- Diocese: Diocese of Ripon
- In office: 1977–1999
- Predecessor: Hetley Price
- Successor: John Packer as Bishop of Ripon & Leeds
- Other posts: Archdeacon of Huntingdon 1975–1977

Orders
- Ordination: 1959 (deacon); 1960 (priest)
- Consecration: 21 September 1977

Personal details
- Born: 2 September 1931 Poona, Bombay Presidency, British India
- Died: 10 August 2008 (aged 76)
- Denomination: Anglican
- Spouse: Rachel Lewis m. 1962; dec. 1966 Jane Havill m. 1967
- Children: 4 sons; 1 daughter
- Profession: Academic in divinity
- Alma mater: Balliol College, Oxford

= David Young (bishop) =

David Nigel de Lorentz Young (2 September 1931 – 10 August 2008) was a British Anglican priest, who served as the last Bishop of Ripon before the diocese became known as the Diocese of Ripon and Leeds. At his appointment at the age of 46 he was the youngest diocesan bishop of the Church of England.

He was a supporter of women priests, but opposed to active homosexual priests and same-sex marriages. He had special knowledge of Eastern religions (especially Buddhism) and languages, which he used in his interfaith work, and was particularly concerned with education.

==Early life, education and military career==
Born in Poona, then in the Bombay Presidency of British India, the son of an Indian Army brigadier, David Young returned to the UK for his education at Wellington College, Berkshire.

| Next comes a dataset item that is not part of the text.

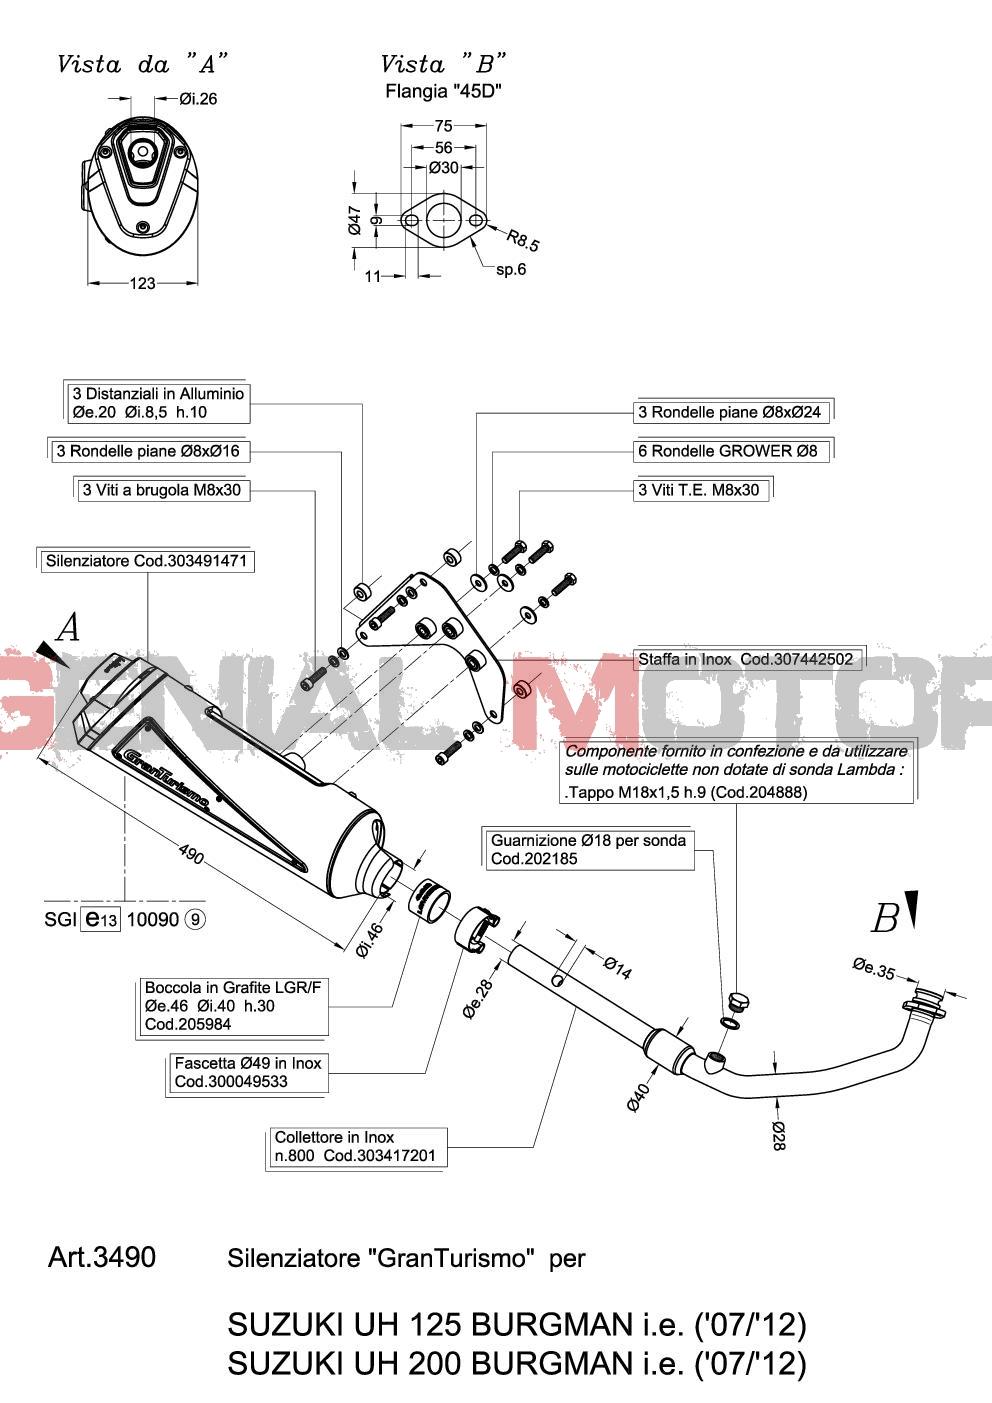 complete exhaust system leovince granturismo suzuki uh 200 burgman 2007 2013
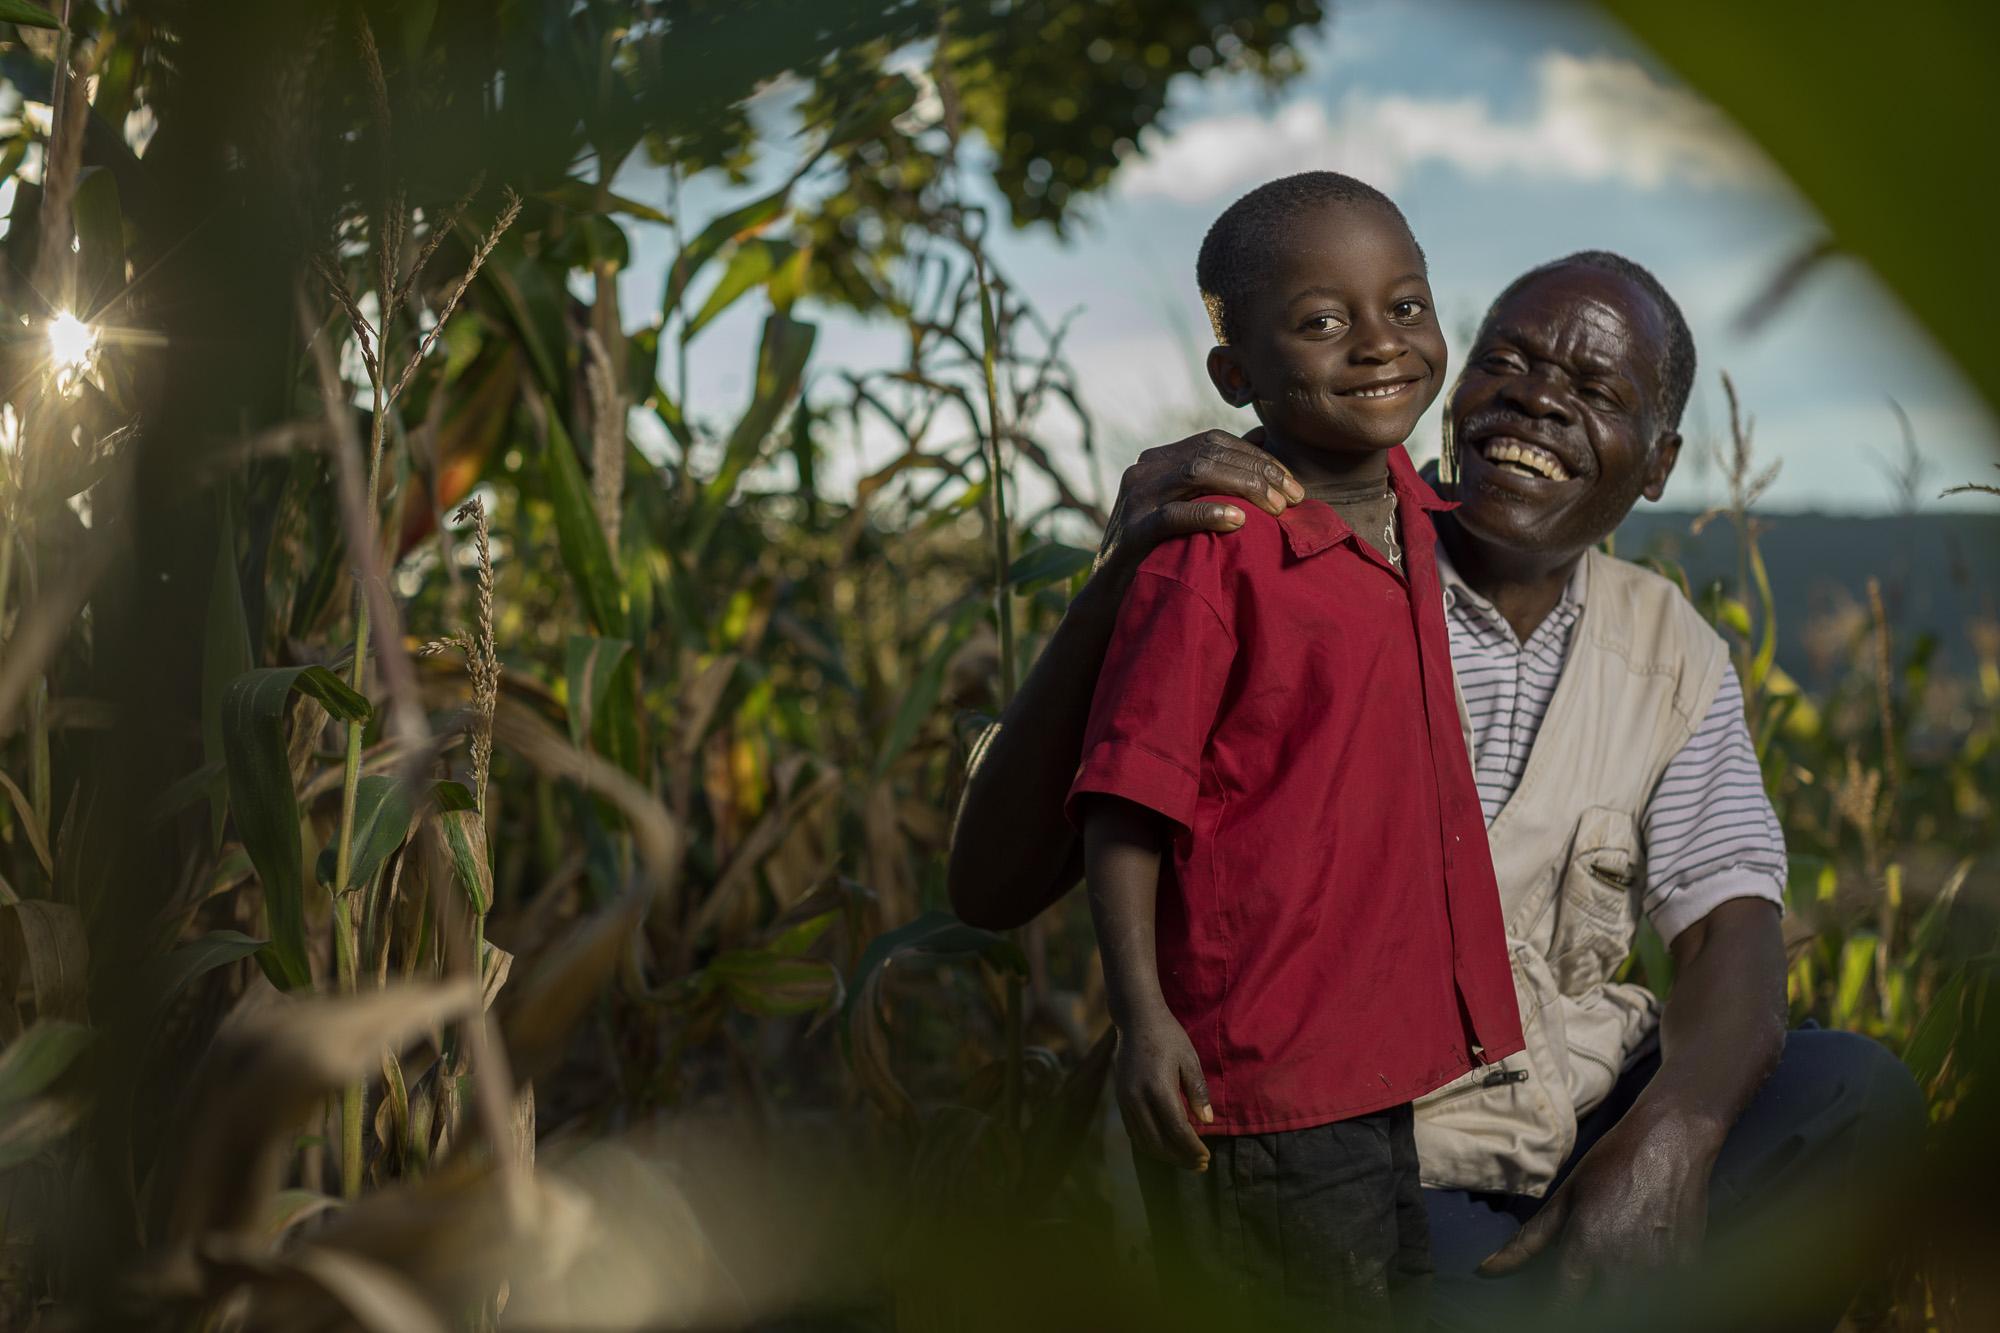 Malawian farmer Daniel Mhoni, 68, with his grandson

He then did National Service in the Royal Engineers, being commissioned as a second lieutenant on 21 October 1950, He completed his active duty on 15 October 1951 when he transferred to the Supplementary Reserve of Officers, and went up to Balliol College, Oxford, where he studied mathematics, gaining a first class degree. He was promoted acting lieutenant on 6 July 1952, and this was made substantive on 2 September 1954, and his National Service ended on 23 September 1955.

==Ecclesiastical and academic career==
Young worked in industry as a research mathematician with Plessey before deciding to take holy orders via study at Wycliffe Hall, Oxford. He worked as a curate in Liverpool and London, then went to the School of Oriental and African Studies to study Sanskrit and Pali before going to Sri Lanka with the Church Missionary Society. He became interested in Buddhism, becoming director of Buddhist Studies at Lanka Theological College in Kandy. Returning to England in 1967 following the death of his first wife, he became lecturer in Buddhist Studies at Manchester University.

In 1970 he was appointed vicar of Burwell, Cambridgeshire. He lectured part-time in the Faculty of Divinity of Cambridge University. He briefly rejoined the army, holding a commission as a Chaplain to the Forces, 4th Class in the Territorial Army section of the Royal Army Chaplains' Department between 21 November 1972 and 5 September 1975. In 1975, he was appointed Archdeacon of Huntingdon, and vicar of Great Gidding, then in 1977, briefly rector of Hemingford Abbots and an honorary canon before his nomination as Bishop of Ripon. He retired in 1999, having been diagnosed with bone marrow cancer.

==Family==
In 1962, he married his first wife Rachel Lewis (who died in a car crash in 1966), with whom he had a son and a daughter. In 1967, he married his second wife, Jane Havill, who survived him, and by whom he had three further sons.

==Church positions==
- Chair of the Church of England's Board of Education

==Honours==
- Young was appointed Commander of the Order of the British Empire (CBE) in the 2000 New Year Honours, "For services to the Church of England and to Education."
- The David Young Community Academy in the Seacroft area of Leeds was named after him on 18 October 2006. It is a 'faith school', built at a cost of £23m.

==Associations==
Young was associated with the United Religions Initiative in the United States' Episcopal Church.